__PROBLEM DETAILS__
Quote all of the data that follows exactly as written, skipping the images.

__MATERIAL PROVIDED__
────

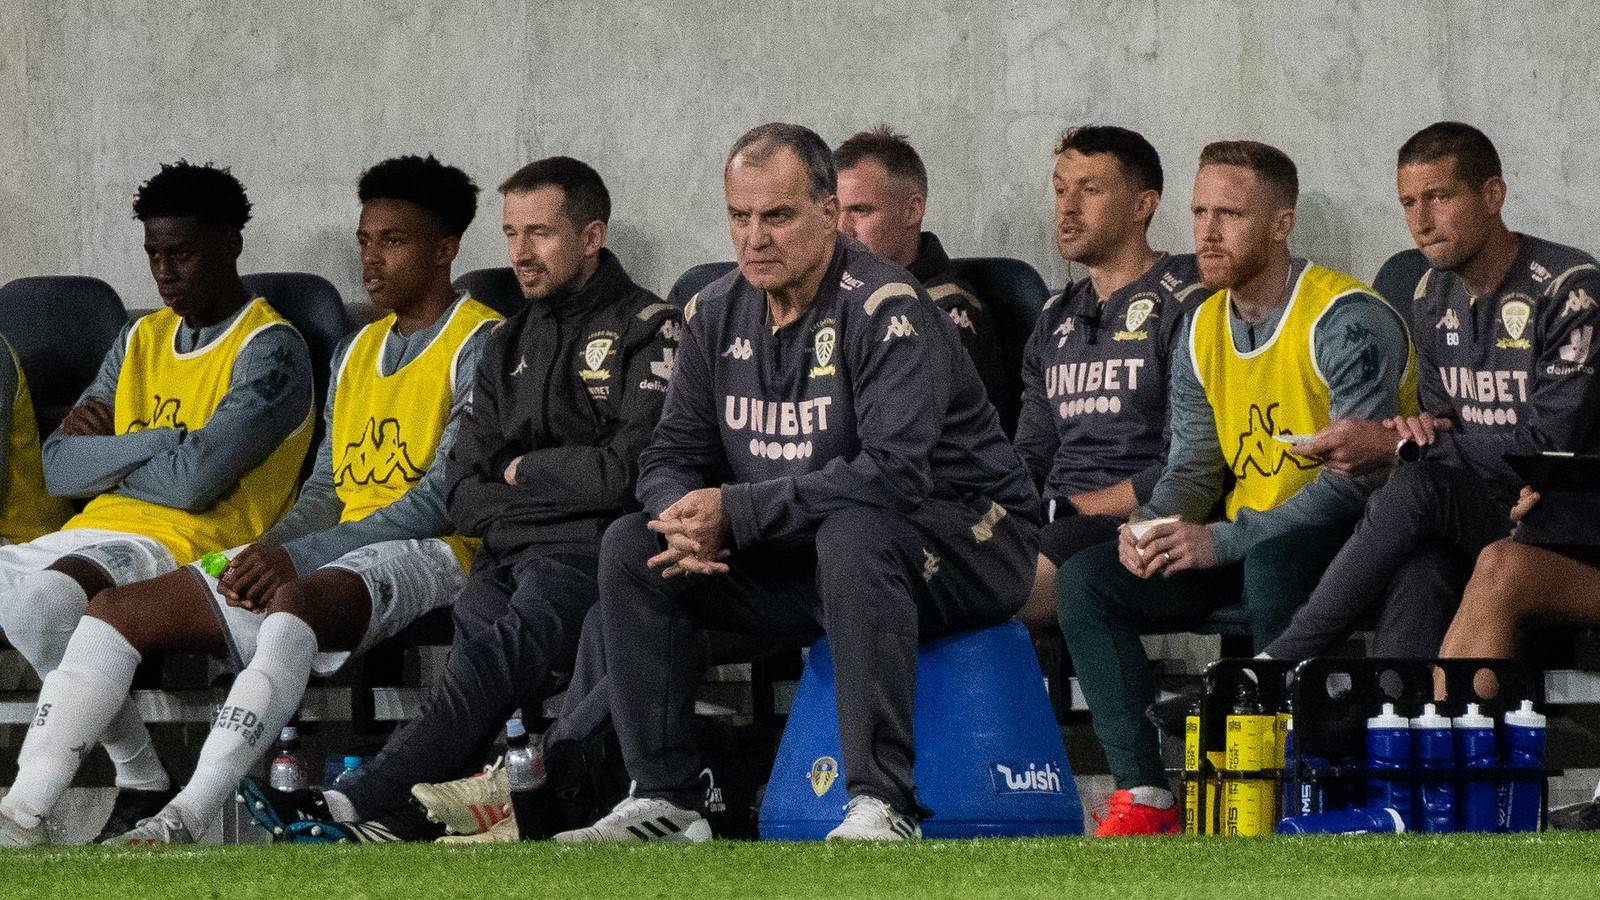 Bielsa 'would be a great fit for Australia', say ex-Socceroos - FTBL | The home of football in Australia
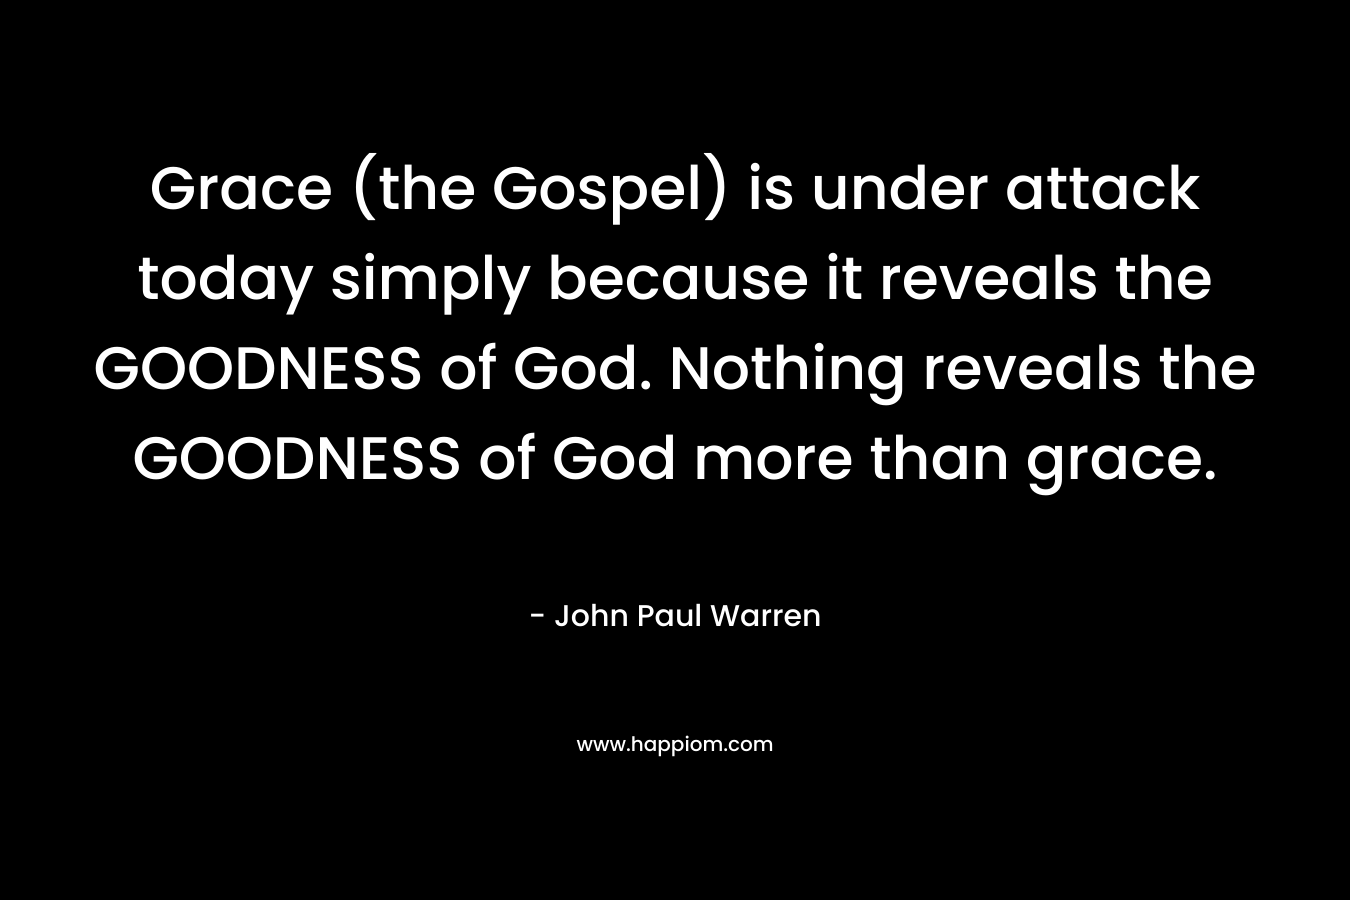 Grace (the Gospel) is under attack today simply because it reveals the GOODNESS of God. Nothing reveals the GOODNESS of God more than grace. – John Paul Warren
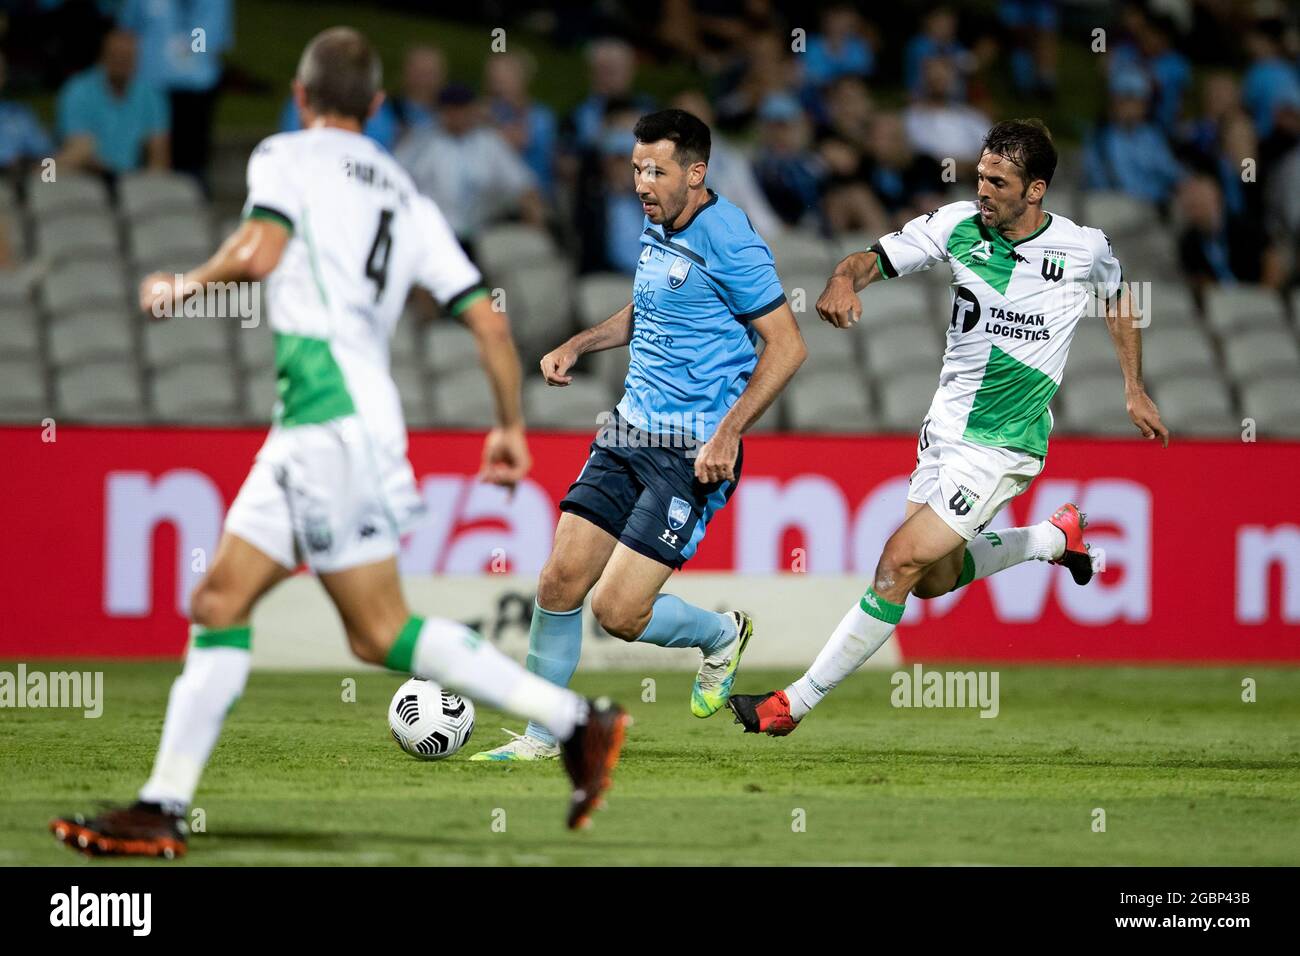 SYDNEY, AUSTRALIA - MARCH 10: Ryan Mcgowan of Sydney FC dribbles the ball during the A-League soccer match between Sydney FC and Western United on March 10, 2021 at Netstrata Jubilee Stadium in Sydney, Australia. (Photo by Speed Media/Icon Sportswire)Credit: Pete Dovgan/Speed Media/Alamy Live News Stock Photo
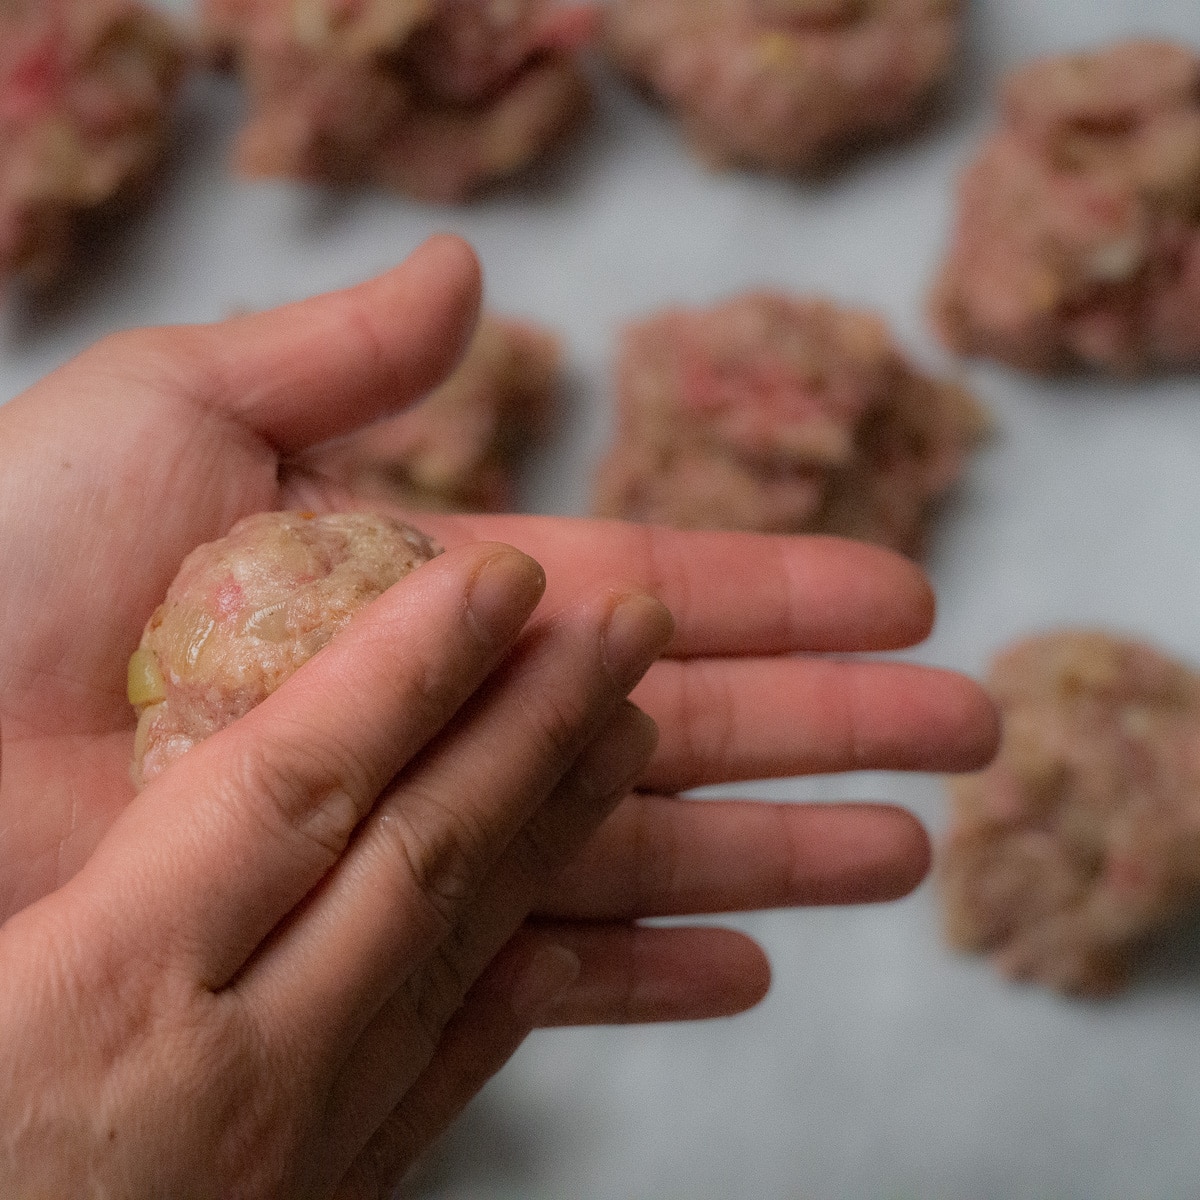 Rolling and shaping the potioned meatballs into balls.

────

__SOLUTION FOR THIS EXERCISE__
 Bielsa 'would be a great fit for Australia', say ex-Socceroos - FTBL | The home of football in Australia
 Grace (the Gospel) is under attack today simply because it reveals the GOODNESS of God. Nothing reveals the GOODNESS of God more than grace. – John Paul Warren
 SYDNEY, AUSTRALIA - MARCH 10: Ryan Mcgowan of Sydney FC dribbles the ball during the A-League soccer match between Sydney FC and Western United on March 10, 2021 at Netstrata Jubilee Stadium in Sydney, Australia. (Photo by Speed Media/Icon Sportswire)Credit: Pete Dovgan/Speed Media/Alamy Live News Stock Photo
 Rolling and shaping the potioned meatballs into balls.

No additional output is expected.